Murder in the first degree was the accusation against defendant, and on that he was found guilty of the second degree of that crime, and his punishment fixed at ten years in the penitentiary, and he appeals to this court.

The homicide of which defendant was convicted occurred at Dick Porter's saloon in the city of St. Joseph on the night of February 27, 1892. From a mass of irrelevant testimony these facts in regard to the killing are obtained: Two weeks before the homicide the defendant, William Dettmer, and Frank Breeze, the deceased, had a difficulty in which the defendant was worsted; no weapons were used by either party. As the defendant left the room he remarked, in the hearing of those who accompanied him to the door, "I will get that s -- of a b before a week;" similar threats were made by defendant to others down to a short time before Breeze was killed. On the night of the killing, the deceased was in the saloon with a number of others, and was about to engage in a game of pool, and had just commenced the game, when the defendant came in. While the deceased was standing at the pool table the defendant began to abuse him with foul epithets, keeping, at the same time, his hand on his pistol in his pocket, when the deceased said in reply that he wanted nothing to do with defendant and for him to go away, but if the defendant would go out into the yard he would whip him. The defendant continued his abuse, when the deceased again told him to go away, that he did not want to have any trouble with him; at which time the barkeeper began to remonstrate with the defendant and insisted on his keeping quiet; just at this juncture the defendant drew a revolver and fired at Breeze, who was standing near the pool table; the latter apprehending that the defendant was about to shoot at him dodged or attempted to dodge down behind the pool table, and the first shot fired by the defendant missed him, and the ball entered the wall of the room behind where the parties were standing. Immediately after the first shot was fired the deceased straighted up, wheeled half round, facing toward the door and from the defendant, and fled from him. The defendant then fired the second shot while Breeze was running away from him, and with his back turned, which struck the deceased between the middle lobe of the left ear and the base of the skull, and ranged upward and inward toward the frontal bone lodging near the right eye. From the effect of this wound the deceased died almost instantly.

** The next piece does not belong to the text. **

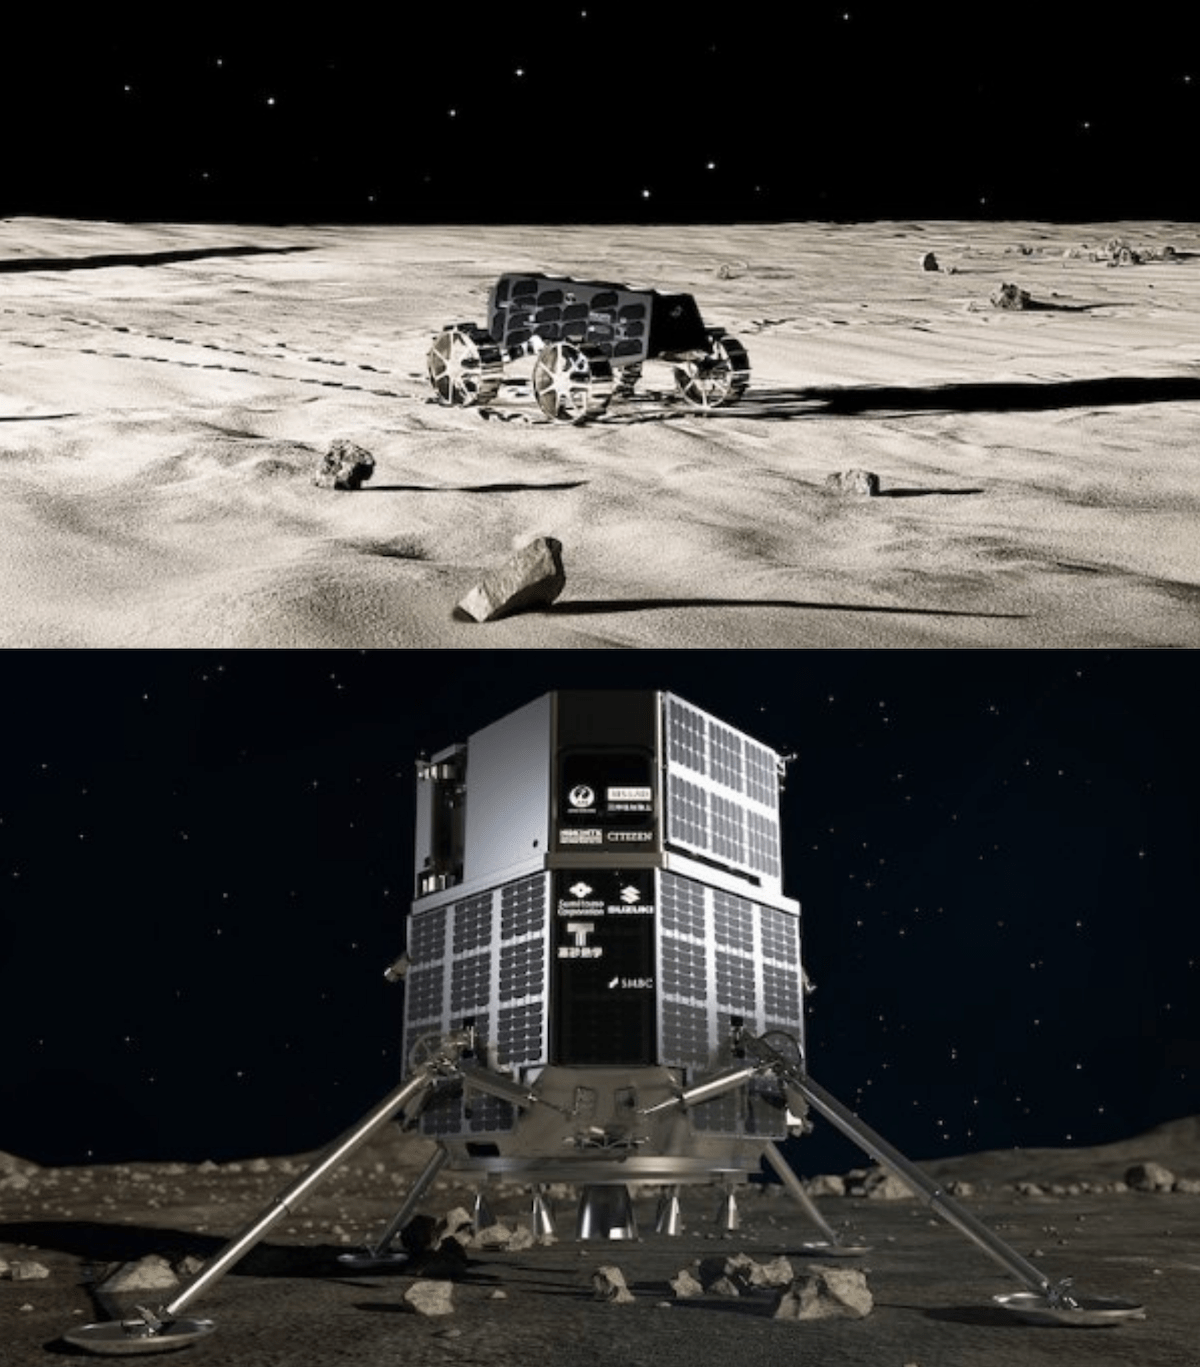 Un render del rover e del lander a cui sta lavorando ispace. Credits: ispace

The testimony on behalf of the defendant was to the effect that Breeze began the difficulty by using profane and obscene abusive words to defendant, at the same time having a cue and a billiard ball in his hand, when defendant said: "Breeze, you beat me up once, give me the worst of it; I am not looking for the worst of it again;" that Breeze continued his abuse, when the bartender came out and asked defendant to keep quiet, and defendant told him he would, etc.; that Breeze renewed the trouble and abuse, told defendant he had whipped him once and could do it again, and drew back the billiard ball as if to throw it at defendant, saying, "I will get you now," when defendant fired his pistol off "just to scare him," when he dodged down behind the pool table, and raised up again as if in the act of throwing, when defendant fired again, but "not with the intention of hitting him;" that when the second shot was fired, though Breeze was looking at defendant when Breeze came up from behind the table, yet he turned his face away from defendant, turned his head around from him in order to throw the ball at him. There was other testimony corroborating to a considerable extent that of defendant. One of the witnesses in describing the attitude of breeze when shot, saying: "He was facing to Dettmer, looking over his left shoulder, with his body to the wall."

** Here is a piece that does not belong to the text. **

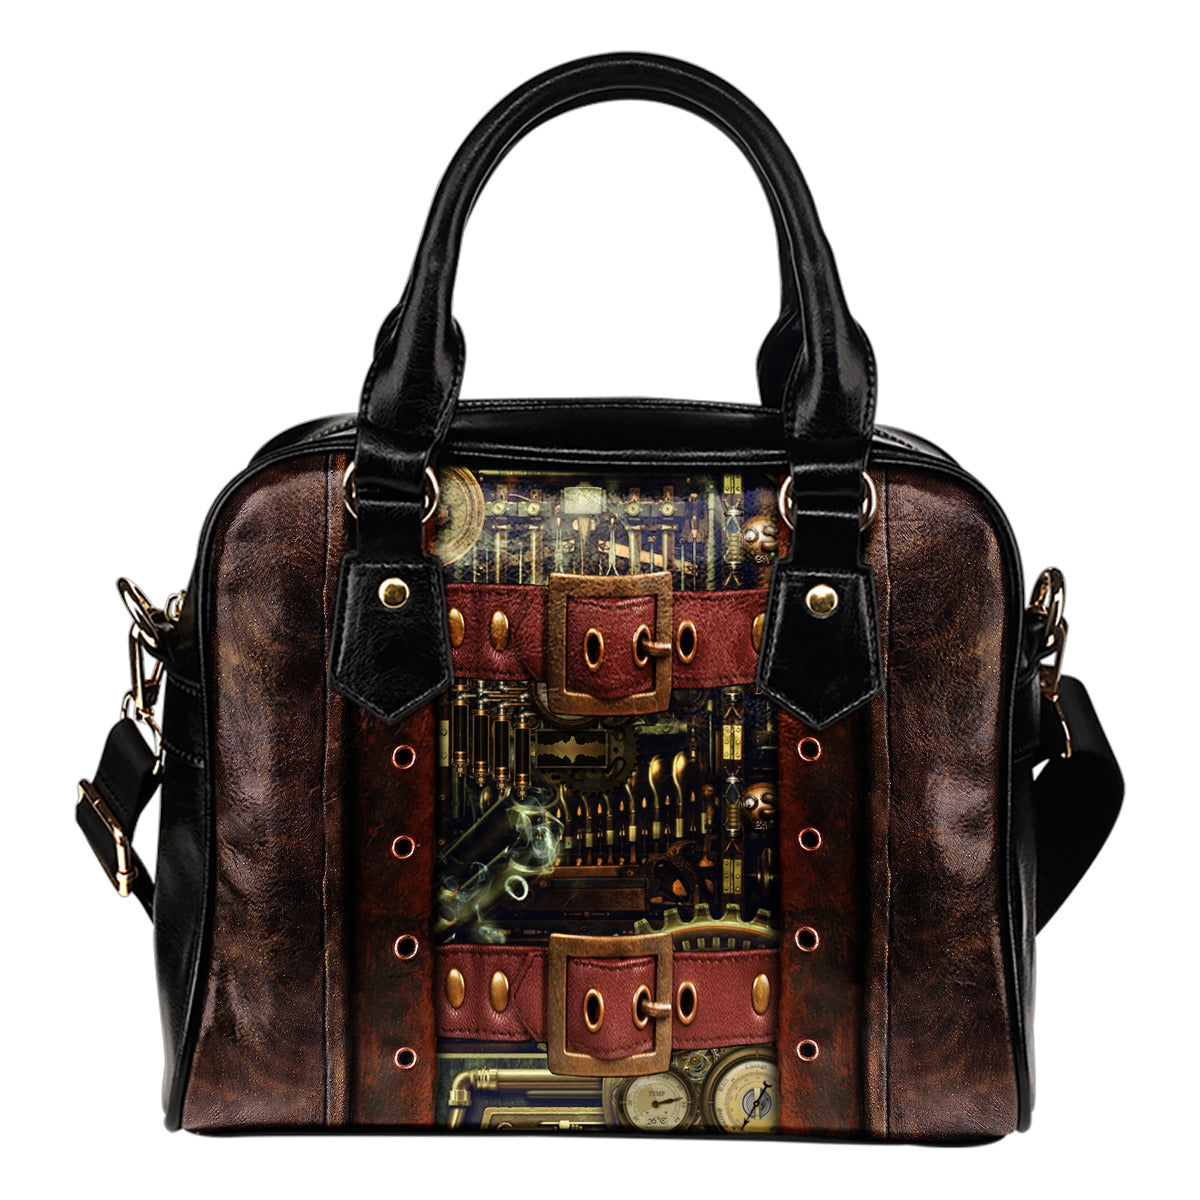 Steampunk With Buckles Shoulder Handbag

There was also testimony that Breeze bore the reputation of being a quarrelsome, turbulent man, and there was testimony of a contrary effect. And there was testimony that the reputation of defendant as having a quiet and peaceable disposition was good.

After committing the crime defendant fled, and was subsequently captured in Tennessee, where he was living under an assumed name.

At the November term, 1893, of the Andrew circuit court, to which the venue had been changed, defendant filed his second application for a continuance on account of absent witnesses, which application was denied.

Affirmed.

Thomas F. Ryan and James W. Boyd for appellant.

(1) First. The court erred in overruling defendant's application for a continuance. The application complied with every requirement of the statute. R. S., sec. 4181. Second. The court erred in permitting the state, over the objection of the defendant, to introduce counter affidavits to rebut the showing made in defendant's application for a continuance. There is no law or authorities that justify the court in allowing the consideration of such affidavits. If the defendant's application made a proper showing for a continuance, then the court should have granted it, and ought not to have considered the counter affidavits. Besides, it had the effect of prejudicing the minds of the panel of jurors against the defendant to have the affidavits read in their presence, which was done in this case. We submitted this as clearly error upon the part of the court. (2) The court erred in permitting the state to introduce evidence of a former difficulty which the defendant had with another person that occurred two weeks prior to the fatal difficulty with the deceased. The effect of the evidence was to present to the jury testimony relating to another assault and to an entirely different transaction, which prejudiced the minds of the jury against the defendant in reference to the charge for which he was on trial. People v. Gibbs, 93 N.Y. 471; State v. Clayton, 100 Mo. 520; State v. Reavis, 71 Mo. 419; Wharton's Criminal Evidence [9 Ed.], secs. 30 to 50; 2 Bishop's Criminal Procedure, secs. 1121, 1124. (3) The court erred in refusing to instruct the jury as to manslaughter in the fourth degree, as asked for in the defendant's first instruction. The evidence on the part of the defendant shows that the deceased provoked the difficulty by using indecent and opprobrious epithets towards the defendant, and was in the act of assaulting the defendant with a billiard ball when the defendant fired the fatal shot, and that when the defendant killed the deceased he did so while in a heat of passion and aroused by the epithets used towards him and the assault made upon him by the deceased. The killing under such circumstances is not murder, but if not justifiable homicide, is only manslaughter in the fourth degree. State v. Stiltz, 97 Mo. 20; State v. Elliott, 98 Mo. 150; State v. McKinzie, 102 Mo. 620; State v. Douglas, 81 Mo. 231; State v. Berkley,, 92 Mo. 41; State v. Berkley, 109 Mo. 665; State v. Crabtree, 111 Mo. 136.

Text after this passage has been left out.